I went through this problem by adapting my work from a problem that had a constant volume, but my final answer is not realistic, so I know I messed up somewhere along the road. The question gives this information:
-Tank contains 200 liters of fluid in which 30 grams of salt is dissolved
-1 gram of salt per liter is pumped into the tank at a rate of 4L/min
-The well-mixed solution is then pumped out at a rate of 5L/min
From this, found the volume equation $V(t) = 200 - t$.
I let $x(t)$ be the amount of salt in grams dissolved in the tank.
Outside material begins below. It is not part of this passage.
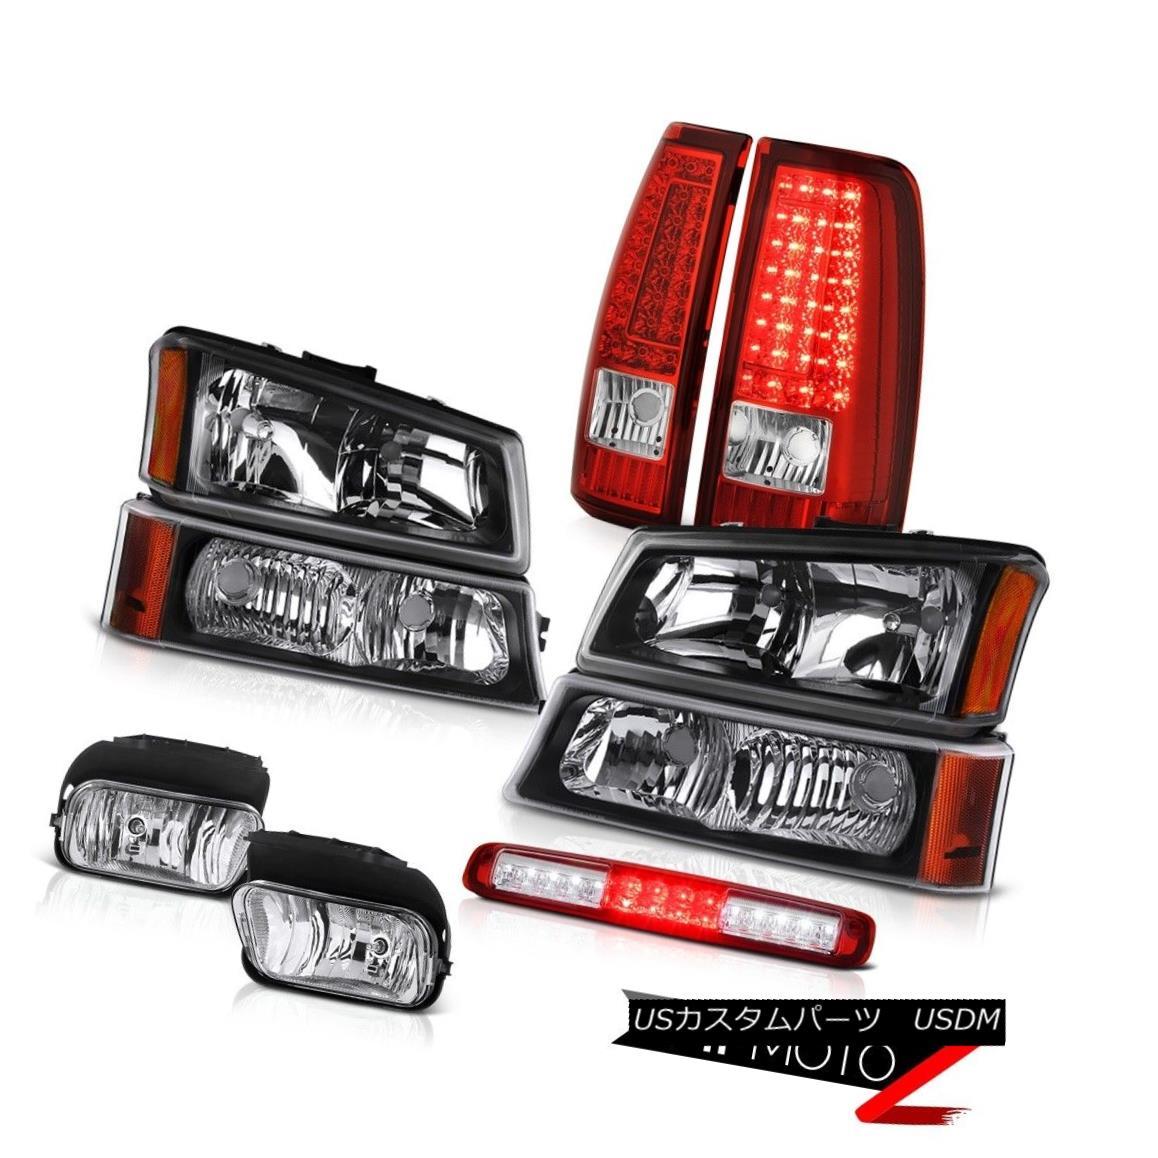 テールライト 03-06 Silverado Third Brake Light Foglights Parking Lights Signal Lamp Headlamps 03-06 Silverado第3ブレーキライトFoglightsパーキングライトシグナルランプヘッドランプ
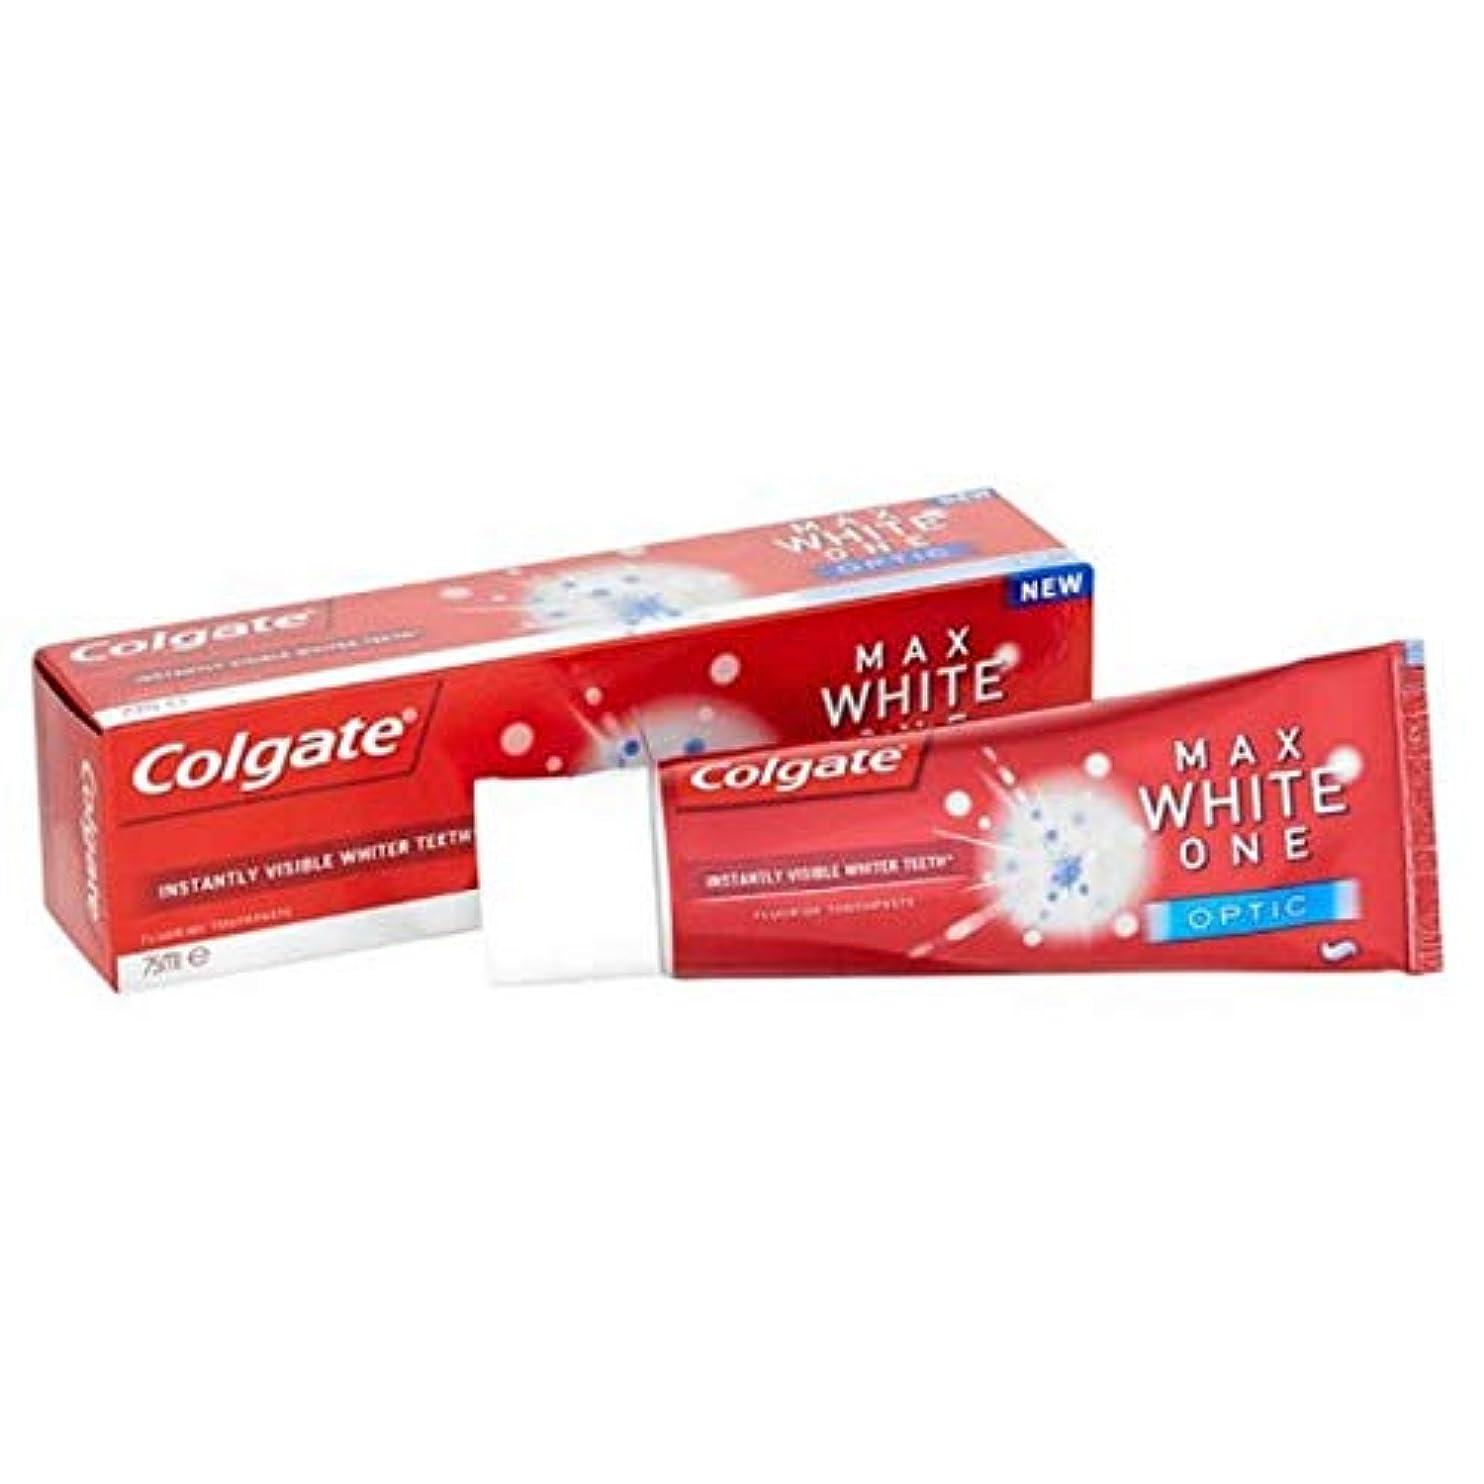 オールクライストチャーチ辞任[Colgate ] コルゲート最大白1つの光学歯磨き粉25ミリリットル - Colgate Max White One Optic Toothpaste 25ml [並行輸入品]

I then set up the differential:
$$\frac{dx}{dt} = (1 g/L)(4L/min) - (5 L/min)\frac{x(t)}{200-t}.$$
I set up the equation in linear differential form:
$$\frac{dx}{dt} + \frac{5x(t)}{200-t} = 4.$$
I let $P(t) = \frac{5}{200-t}$.
So my integrating factor $\mu = e^{-5\ln(200-t)}$, which simplified was $\mu = (200-t)^{-5}$
My new equation is $x(t)(200-t)^{-5} = -(200-t)^{-4} + C$, which simplified is
$$x(t) = -(200-t)^1 + C(200-t)^5.$$
Using initial value $x(0) = 30$, I found $C = -170/200^5$
My final equation is $x(t) = -(200-t)-(170/200^5)(200-5)^5$.
Testing any number of $t$ values, I can tell this equation is nowhere near giving an accurate amount of salt in the tank, but I'm unsure which part of the problem I'm doing incorrectly.
You set the problem up and solved it perfectly except for ...
... a dropped factor of $-1$ on the RHS when you integrated.